Essa perspectiva visa atrair o público escolar ao museu e construir o “público do amanhã”, em um discurso reprodutivo, conforme Mörsch (2009), em que a pretensão é introduzir conhecimentos da arte para determinados grupos a partir do discurso já construído e

consolidado pelos museus, que exalta seu espaço como de salvação e validação de bens patrimoniais ou artísticos, reafirmando e exaltando o espaço como sagrado, acima do bem e do mal. Há um conjunto complexo de ações e reações nessas ações e discursos que não podem ser previstas, nem medidas a curto prazo.

Há pesquisas que confirmam a influência que a escola e a família exercem sobre a aquisição do capital cultural e a construção do habitus. Uma delas foi realizada por Moreno (2007) com o público escolar em um museu em Belo Horizonte, no Brasil, e concluiu que:

(1) o interesse por museus está associado as experiências de visitação em família; (2) há diferenças entre a visita com a escola e com a família; (3) o museu é prioritariamente tido como espaço de aprendizagem; (4) independente do capital cultural, a experiência de visitação significativa em museus é aquela que desperta interesse e entusiasmo (MORENO, 2007, p. 01).

Outra pesquisa, tendo como foco o hábito cultural de frequência em museus por universitários portugueses, realizada por Fróis e Silva (2016, p. 17), concluiu que apenas “18.5% dos inquiridos não realizaram qualquer visita a museus nos últimos 12 meses.
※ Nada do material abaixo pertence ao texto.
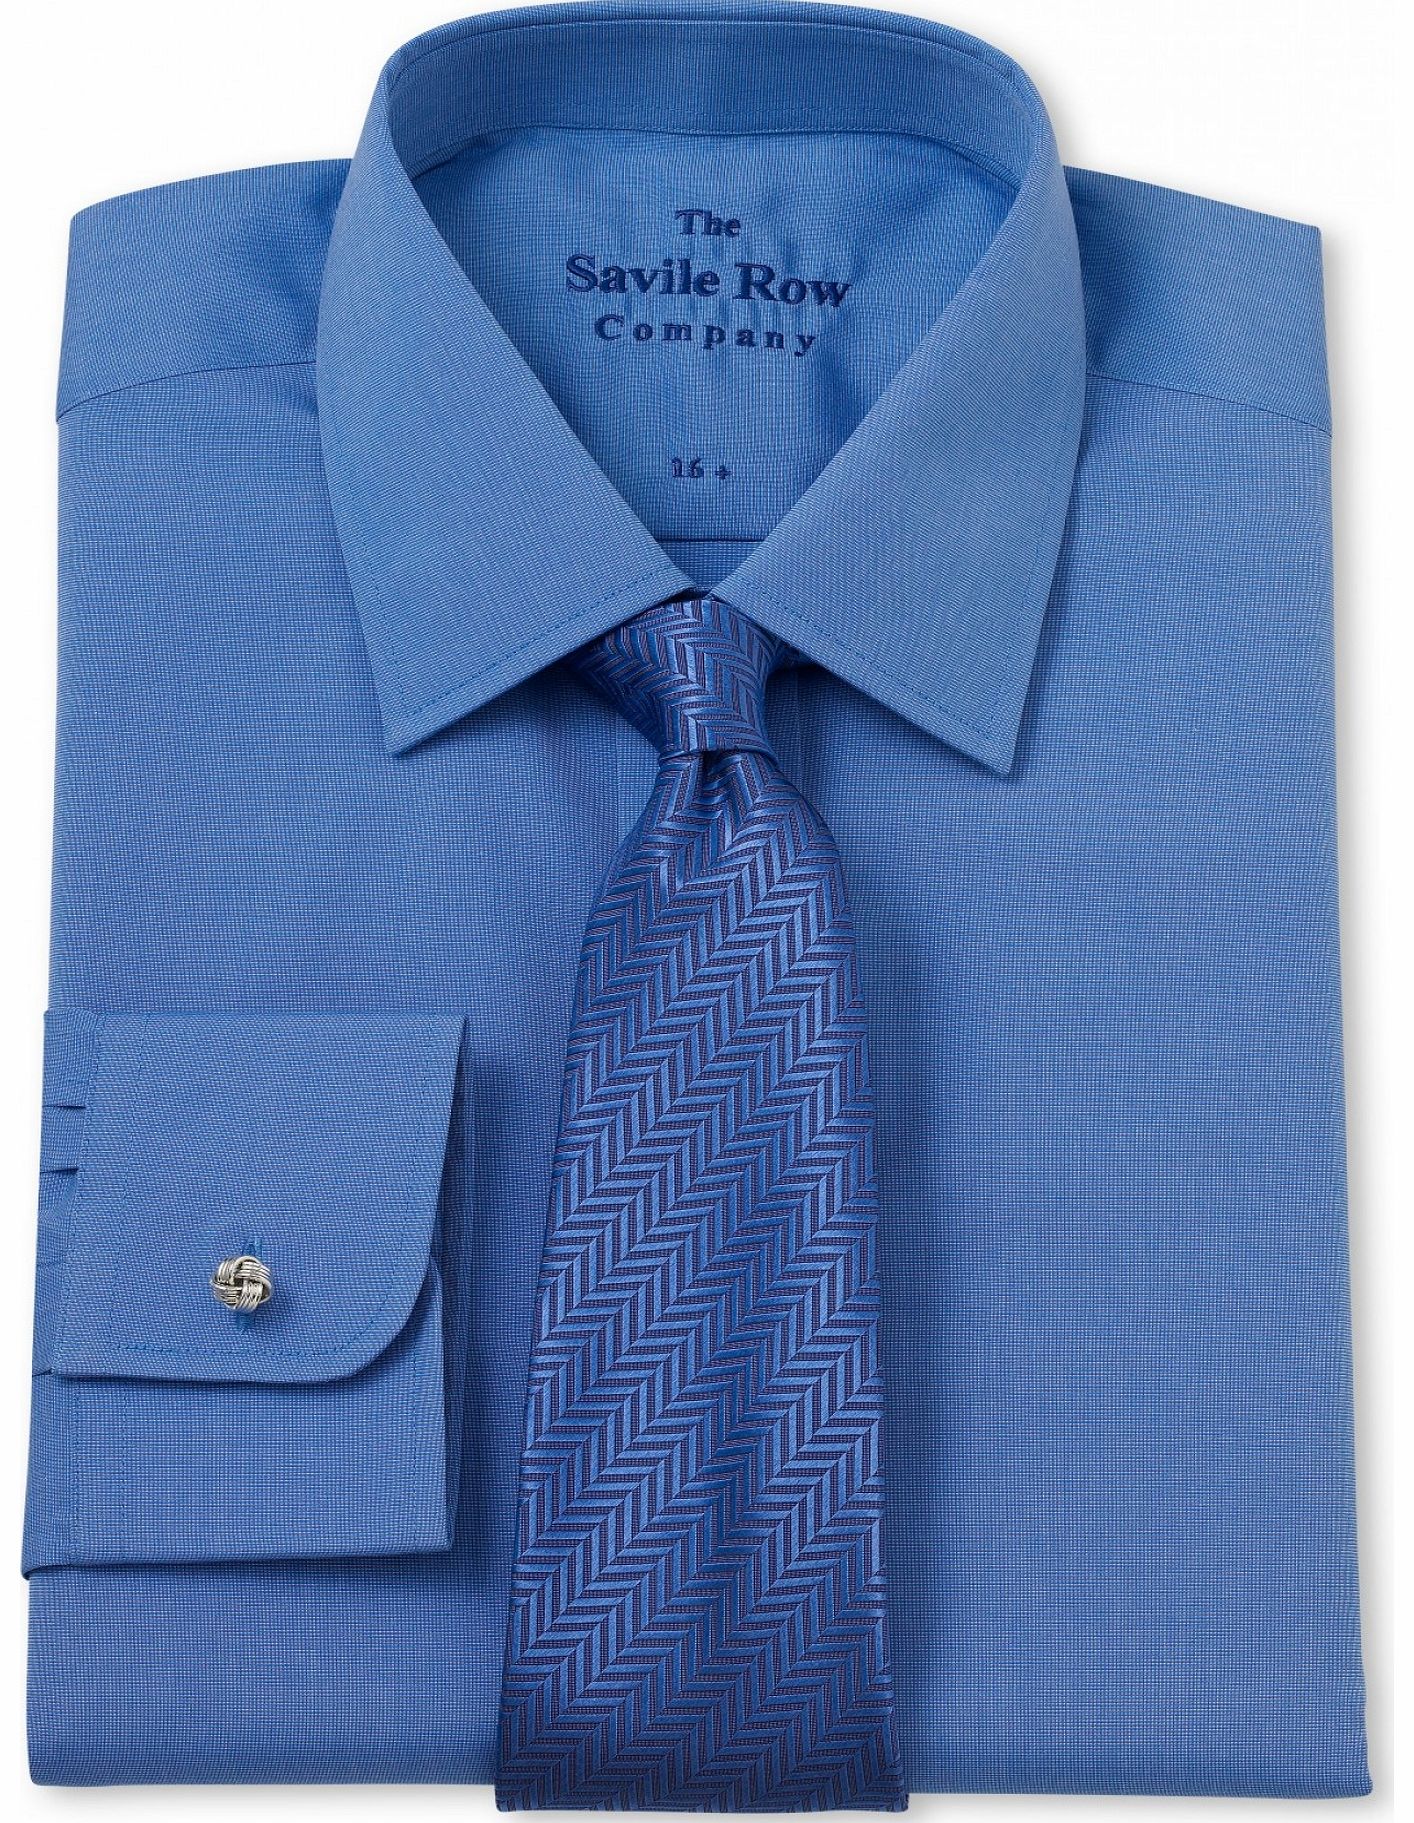 Savile Row Company Blue End on End Slim Fit Shirt 17`` Lengthened

As razões mais aludidas pelos que não visitaram um museu no último ano foram a ‘falta de oportunidade’ e a ‘falta de tempo’”. Já os que realizaram visitas, fizeram-no com a possibilidade de aumento de capital cultural:

A visita a museus no passado revela que as práticas culturais dos inquiridos combinaram uma dimensão formal, associada à escola, com uma dimensão social e de lazer, implícita nos encontros potenciados pelos amigos e pelos pais. A participação na programação dos museus foi concretizada predominantemente através das visitas guiadas, seguida das atividades multimédia e em ateliês de vários tipos (FRÓIS E SILVA, 2016, p. 16). A diretora da Casa da Memória também comentou que essa relação de hábitos culturais, no que se refere ao patrimônio que seria sua especialidade e ao local em que atua, ainda é difícil de mapear e, consequentemente, de construir ações que poderiam alterar esses hábitos. Ela cita como exemplo a frequência de um dos monumentos mais antigos de Guimarães, o castelo, que recebe anualmente milhares de visitantes, sendo que muitos dos próprios habitantes da cidade nunca o visitaram.

há meninos e famílias que nunca vieram ao castelo de Guimarães, mesmo ele tendo setecentos mil, ou por aí, de visitantes ao final de cada ano. O que é que se passa? É muito difícil de perceber qual é, qual é, realmente, a importância da existência dos monumentos (Catarina Pereira, diretora, Apêndice P).

Por isso, caberia a realização de uma pesquisa mais ampla, a ser realizada após várias edições do projeto, para saber como a ida ao museu e a participação em projetos dessa

natureza efetivamente influenciam em hábitos culturais relacionados ao museu, e se, além dos números que os grupos escolares inflam em planilhas do museu, que parte realmente seria equivalente a visitantes recorrentes, influenciados pelo capital cultural adquirido a partir de ações entre escolas e museus.